Come molti sanno, il Perù è stato uno dei Paesi dell’America Latina più colpiti dalla pandemia di COVID-19. Mesi fa, sono state implementate alcune misure di quarantena basate sul genere dei suoi cittadini, ma anche con gli sforzi delle autorità e della popolazione, il coronavirus è riuscito a invadere più zone del territorio.
E anche se poco è stato detto al riguardo, una delle paure era che l’agente patogeno avrebbe raggiunto le popolazioni indigene della regione. Ora questo rischio è diventato realtà e, secondo recenti rapporti, almeno sei casi di COVID-19 sono stati registrati nella comunità Nahua, una remota riserva nell’Amazzonia peruviana.
Popolazioni indigene in aree remote
Il popolo Nahua, noto anche come yora, fa parte di un gruppo di sottogruppi che vivevano in aree remote intorno ai fiumi Purús e Yurúa. Attualmente vivono nel territorio Kugapakori-Nahua-Nanti, nell’Amazzonia peruviana meridionale, e la loro comunità è composta da meno di un migliaio di membri.
I nuovi casi di positività da COVID-19 sono stati trovati a Santa Rosa de Serjali, un insediamento di 391 persone nahuua, che a malapena sono state in contatto con il mondo esterno dopo il loro “contatto iniziale” nel 1980. Il primo è stato un non indigeno di 47 anni, il compagno di una donna nahuua, che inizialmente era stato curato per un’infezione respiratoria fino a quando non è stato portato a Sepahua, una città vicina, dove gli è stato infine diagnosticato il COVID-19.
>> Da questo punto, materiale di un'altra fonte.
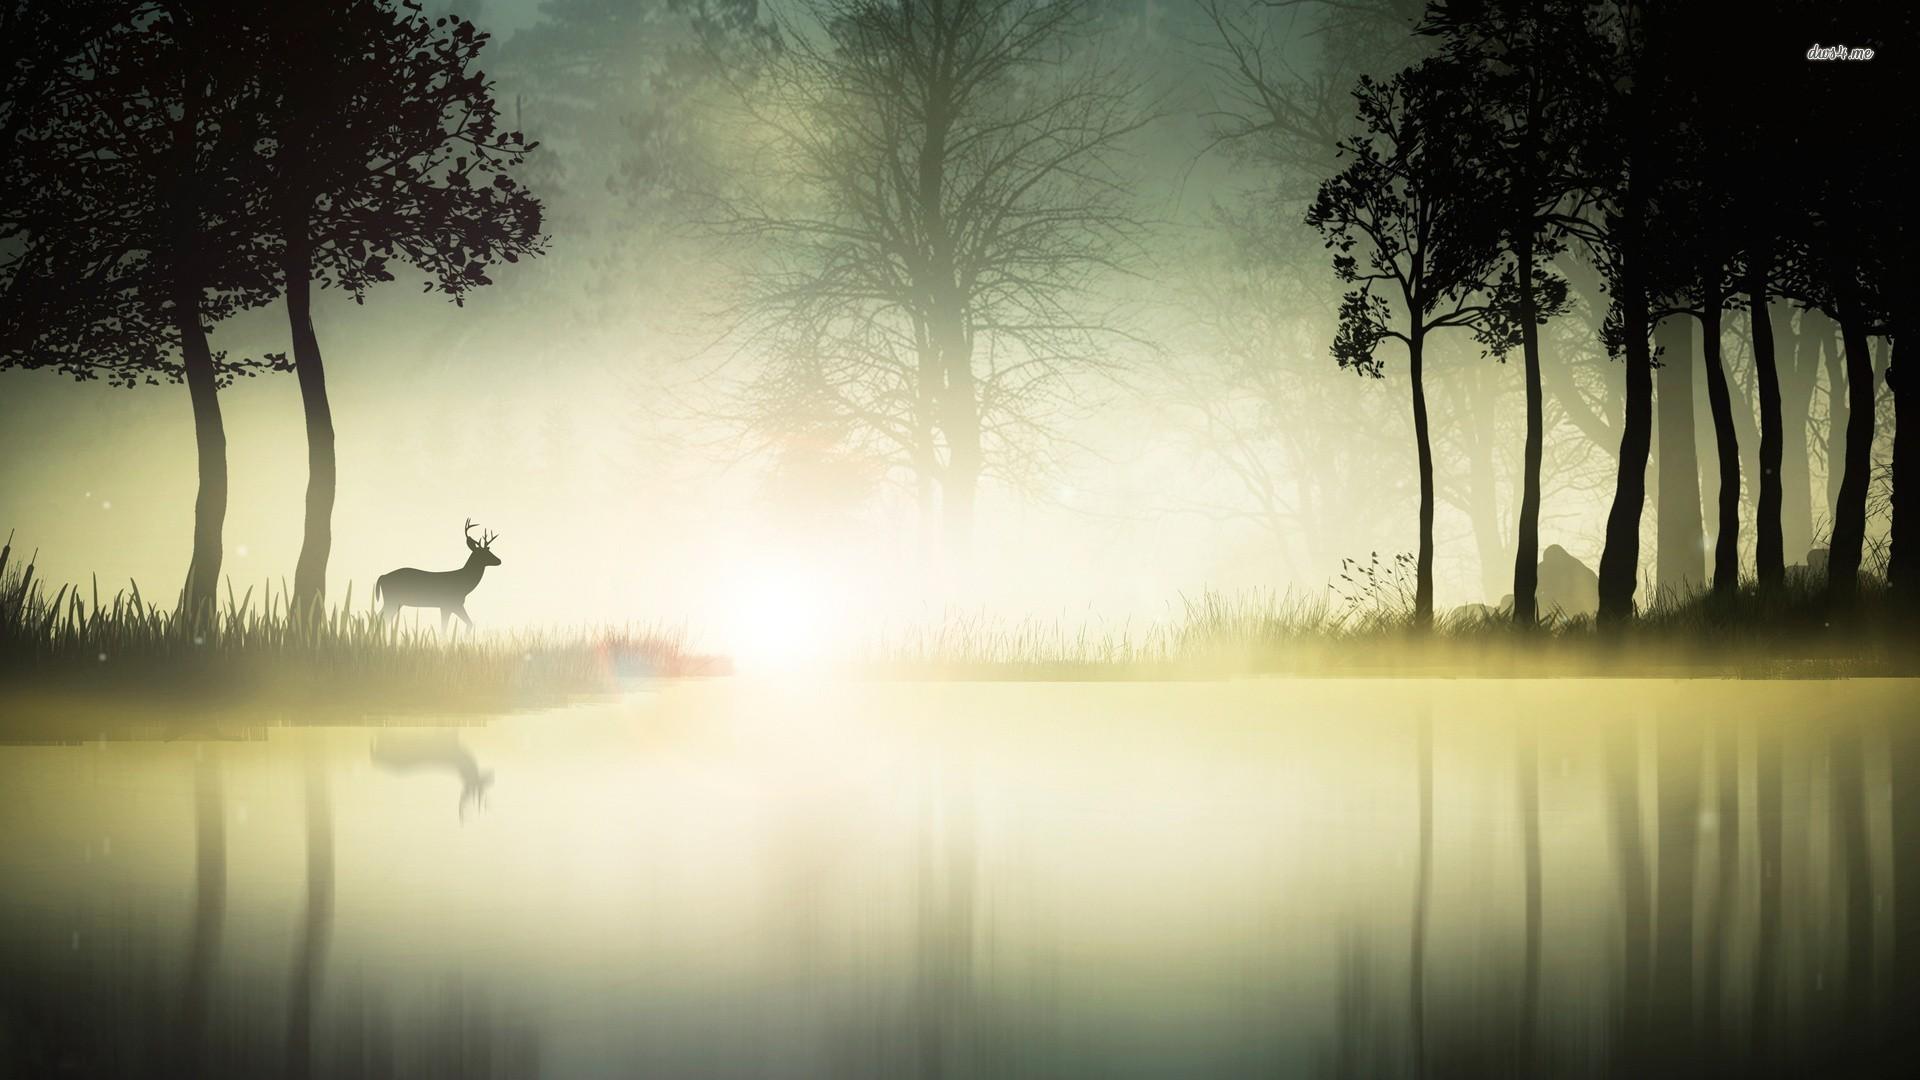 Deer at the foggy lake wallpaper wallpaper

Gli indigeni sono più vulnerabili durante la pandemia
L’individuazione di questi casi è stata motivo di preoccupazione per gli attivisti indigeni amazzonici, che hanno ripetutamente messo in guardia circa l’impatto devastante che questa malattia potrebbe avere su queste popolazioni. E, secondo gli operatori sanitari che hanno familiarità con la questione, c’è un alto rischio che questa infezione si diffonda rapidamente tra di loro. Il grosso problema è che, a differenza della popolazione delle città, mancano di immunità contro le malattie introdotte e persino contro il raffreddore comune.
In realtà, questo è già successo in passato. Durante il primo contatto con gli estranei negli anni ’80, i nahuas furono colpiti da raffreddore, influenza e malattie respiratorie. Tale è stato il suo impatto negativo che queste malattie hanno ucciso metà della sua popolazione.
Oltre a questa vulnerabilità, i risultati delle analisi condotte sui loro individui mostrano che l’80% della popolazione ha livelli di mercurio nei loro corpi che sono ben al di sopra dei limiti di sicurezza. Le cause di ciò non sono ancora chiare.
Questa settimana i gruppi indigeni hanno protestato per la mancanza di attenzione del governo, ma è stato anche riferito che gli operatori sanitari hanno visitato la comunità e hanno lasciato loro sette tonnellate di cibo insieme a maschere e altre forniture.
I funzionari sanitari che hanno visitato la zona hanno rilevato più di 150 casi di COVID-19, che si ritiene abbia originato il contagio per i Nahua. E sebbene finora non ci siano morti, la malattia promette di continuare a diffondersi. I casi di COVID-19 sono già stati confermati in altre comunità remote situate al confine con il Brasile.